One way to easily do this is with weekly visits to my new and regularly updated Latz Negotiation Resource Center at www.ExpertNegotiator.com (it’s also free!).
Related Resources:
- Teaching Kids How to Negotiate World Peace:
A public school teacher invents a game that teaches the principles of peace and negotiation in an interactive way for children learning to negotiate. Read more - The Two Dollar Game by Prof. Mary Rowe, MIT: The Two Dollar Game is the opening game in Negotiation and Conflict Management. It was developed in order to illustrate some basic tools of negotiation theory, in the simplest possible game. See the Game
- The Battle of the Orange (for young children): Children compete for possession of an orange and discuss how to resolve conflicts. See the Exercise
Make your personal life-long learning a reality.
Latz’s Lesson: Off-the-cuff negotiating is our enemy. So let’s defeat it in our schools, at home and with life-long learning.
Marty Latz is the founder of Latz Negotiation, a national negotiation training and consulting company that helps individuals and organizations achieve better results with best practices based on the experts’ research. He can be reached at 480.951.3222 or Marty@LatzNegotiation.com.
When I went to law school in the early ’60s ‘negotiation as a skill’ was equated with ‘salesmanship’, therefore a frivolous, non-academic pursuit, unprofessional, and not taught.

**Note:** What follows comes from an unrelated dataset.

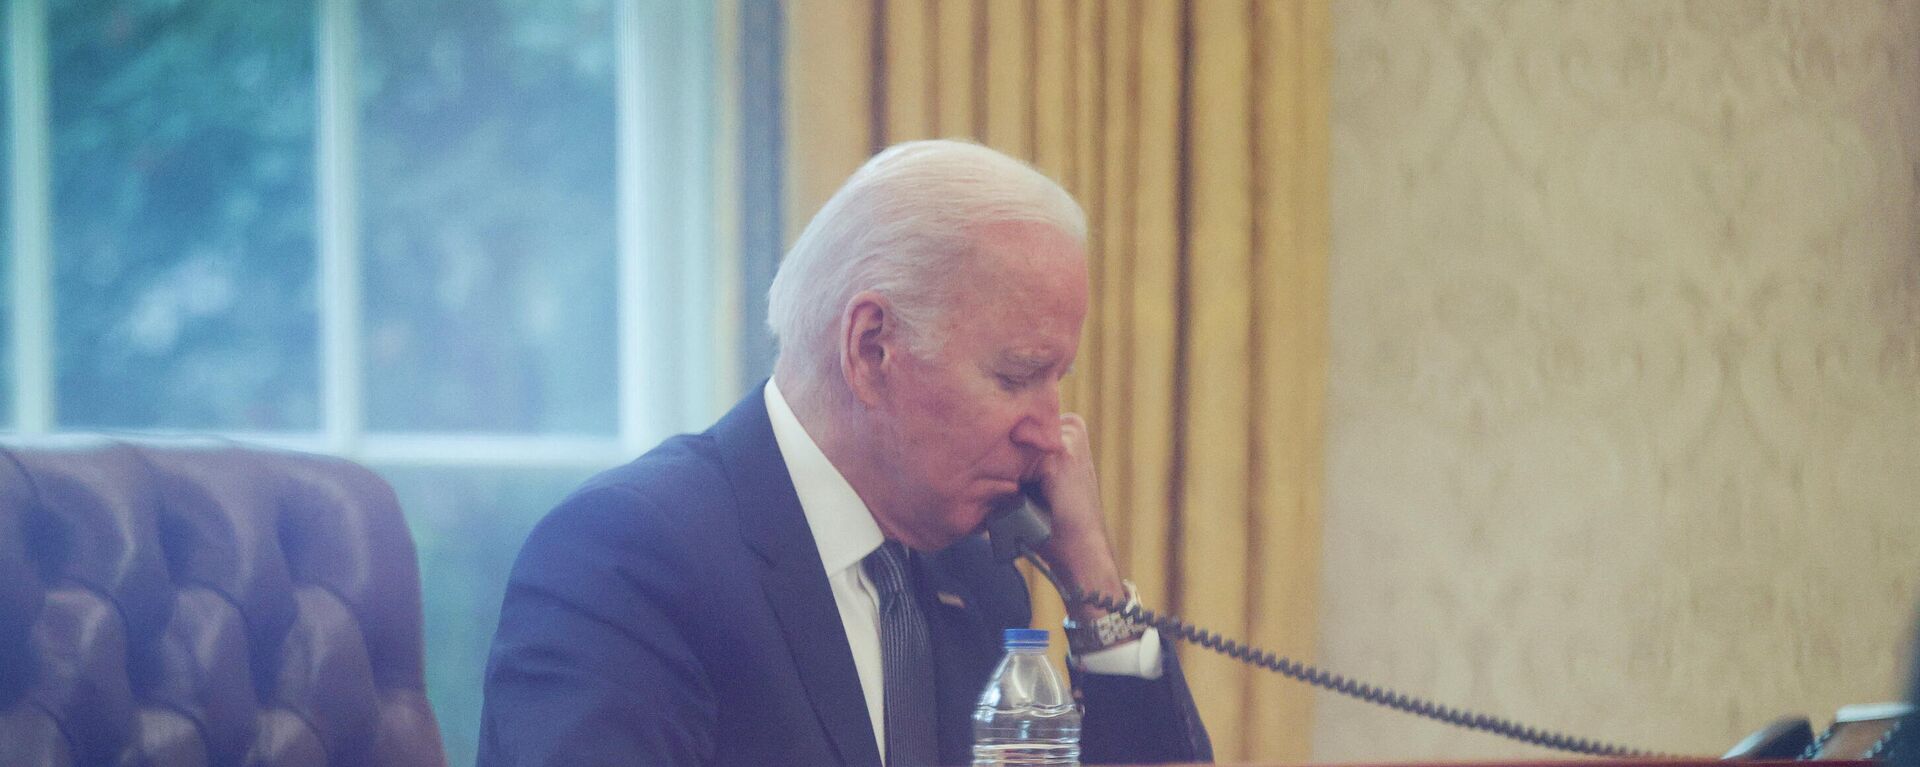 Joe Biden, presidente de Estados Unidos, en una conversación telefónica (archivo) - Sputnik Mundo, 1920, 02.01.2022

After law school, real-life, hard knocks litigation experience soon taught me otherwise.
Years later in while in front of a full Court of Appeal, with the case law was against me, I was able to convince the Court to disregard the case law and focus soley on how their decision would affect the life of a child.
I have read two of your publications and attended two of your seminars; all very useful and compelling.
Your emphasis on teaching children how to negotiate should be introduced into the school curriculum.
Thank you for sharing your story Al Redekopp. It’s those that learn the skill of negotiation that fully see what an essential skill it is.
Loved this! So inspiring to see a teacher that sets his kids free to learn creatively.
I quite agree Linda.
Love this and would love more on what to teach the kids exactly but most importantly at what ages? Love your article and have attended a few seminars and right on with your info! Keep it coming Marty. Thanks for the blogs.
Hi Avisha, Thank you. This article does link to some age-appropriate negotiation exercises. But kids begin negotiating very early in life, and they can often learn more complex lessons than many adults would estimate.
Thanks for this article. I tried teaching my kids about negotiation, but they were a bit too young to get it. I will definitely give it a second go with these resources.
Thanks for the comment Dave. I’m sure your kids will some day thank you. Let us know how it goes.